* [THE PROBLEM]:
Using the listing below, output only the lines from the one that contains "NEXT - fleece vesta pánská i dámská" through the one that contains "Beeindruckend Schwimmbäder Für", inclusive, exactly as given and without images.

* [RECORD EXTRACTS]:

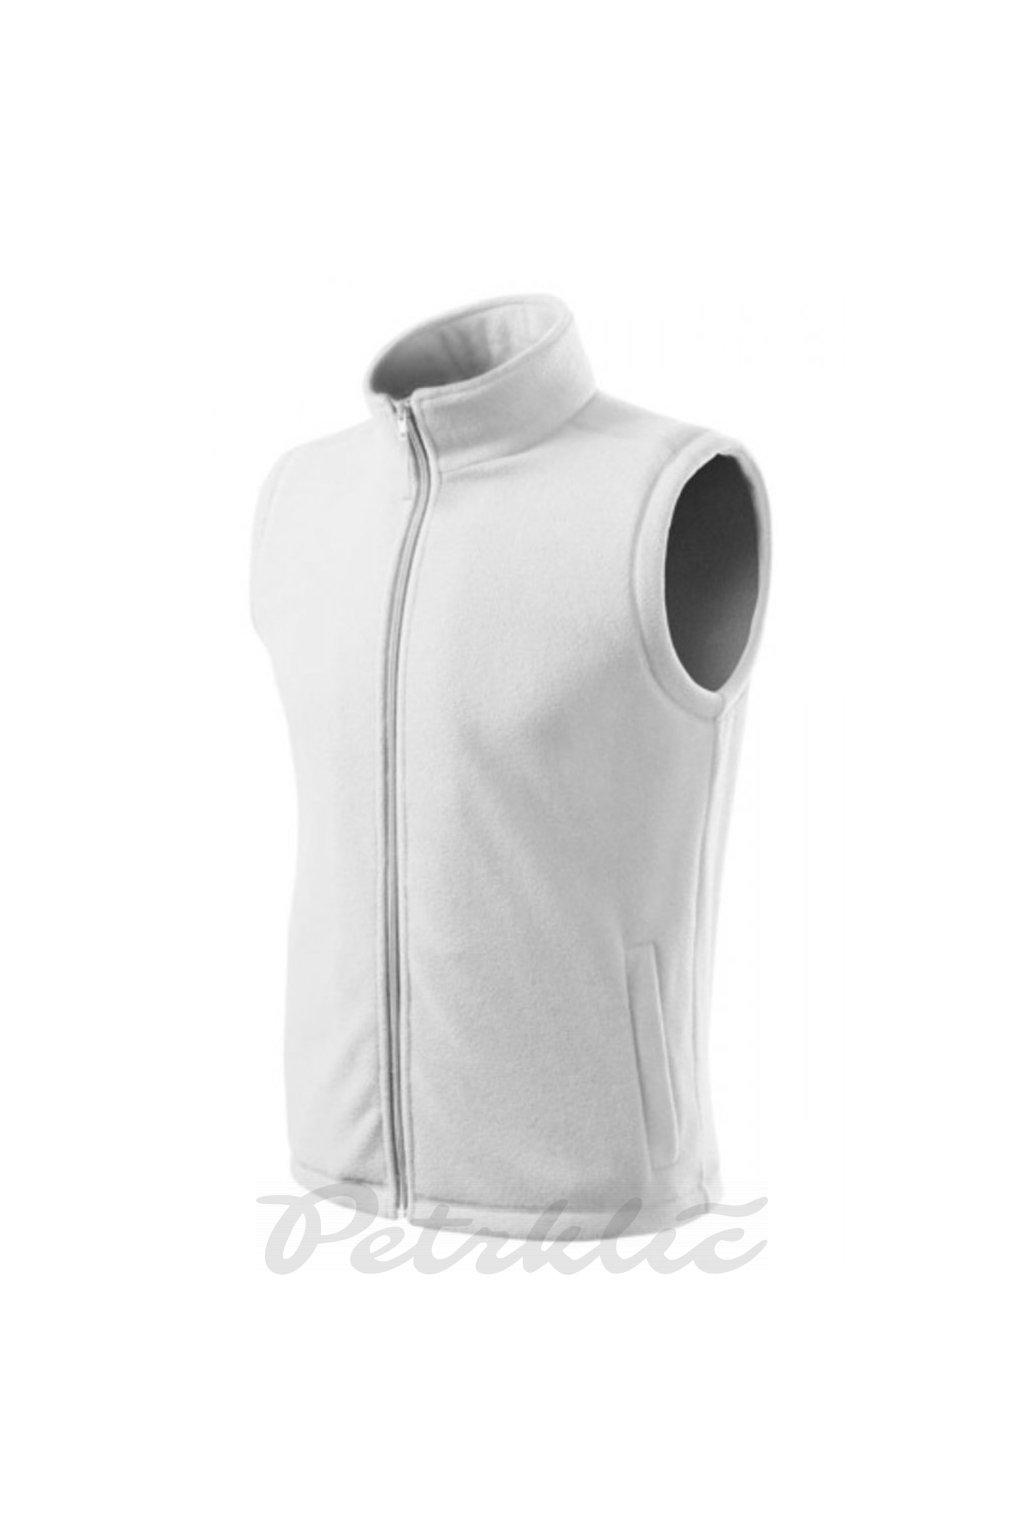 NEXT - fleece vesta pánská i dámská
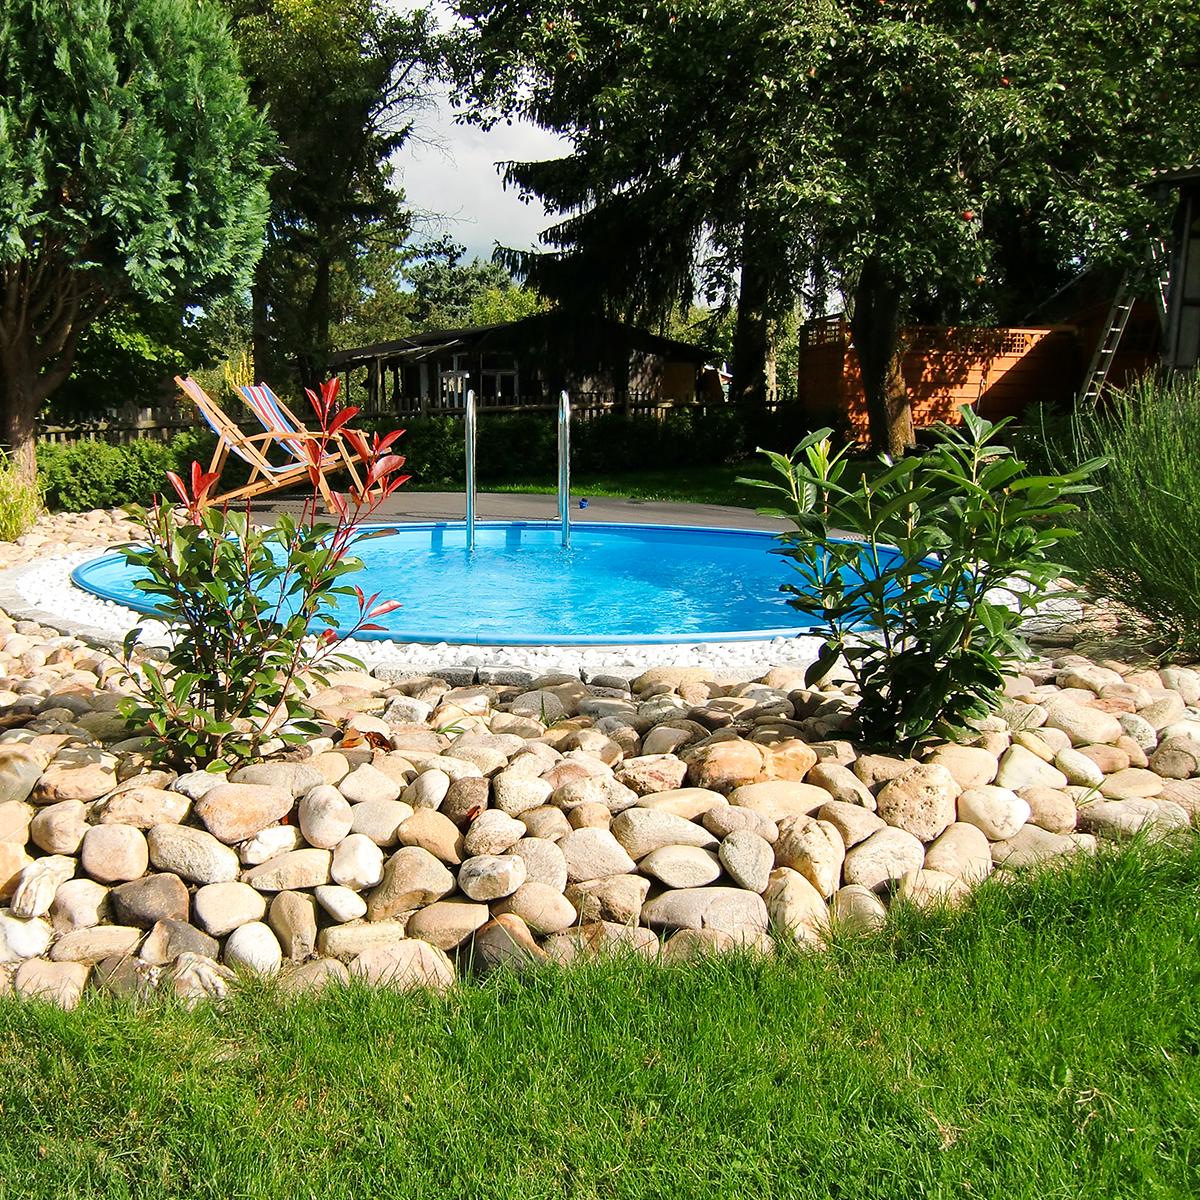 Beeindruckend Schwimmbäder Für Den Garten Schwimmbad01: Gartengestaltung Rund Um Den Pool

---

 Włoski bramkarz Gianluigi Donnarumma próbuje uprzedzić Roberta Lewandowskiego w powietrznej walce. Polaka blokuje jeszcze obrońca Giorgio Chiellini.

==

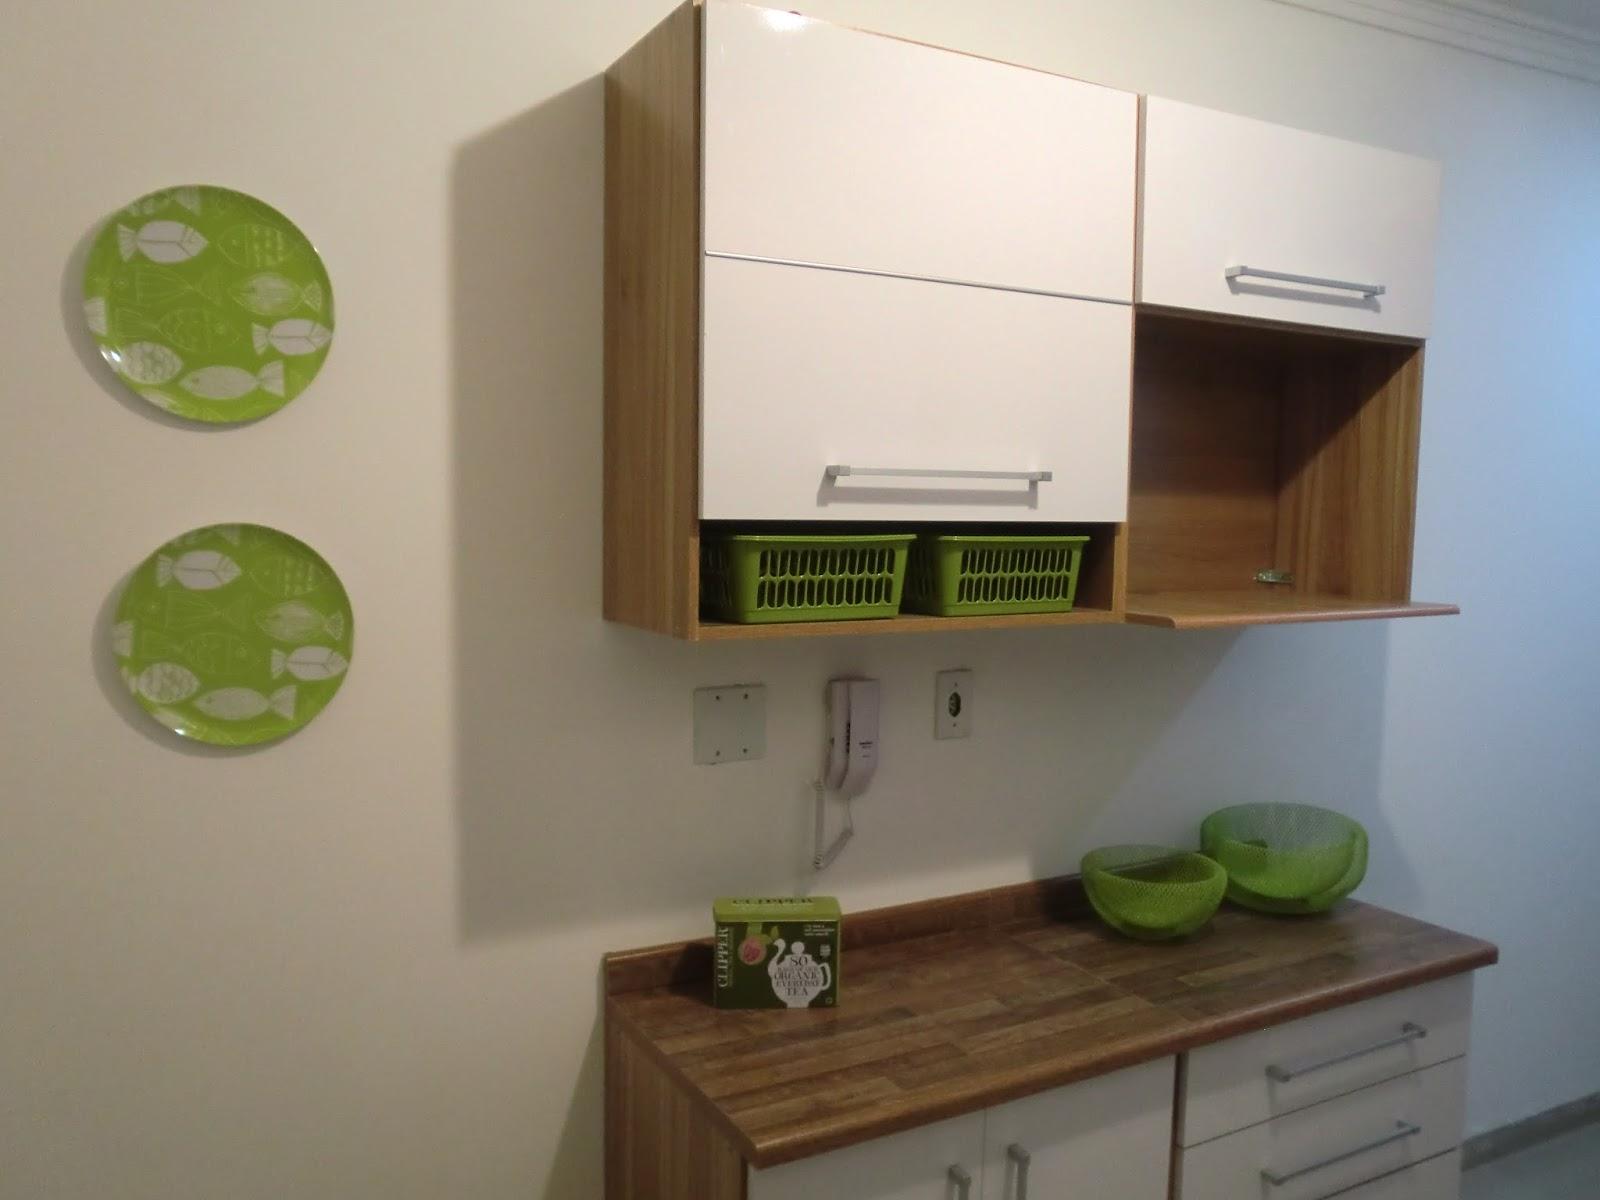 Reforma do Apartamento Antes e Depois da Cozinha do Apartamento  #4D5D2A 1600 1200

* [SOLUTION]:
 NEXT - fleece vesta pánská i dámská
 Beeindruckend Schwimmbäder Für Den Garten Schwimmbad01: Gartengestaltung Rund Um Den Pool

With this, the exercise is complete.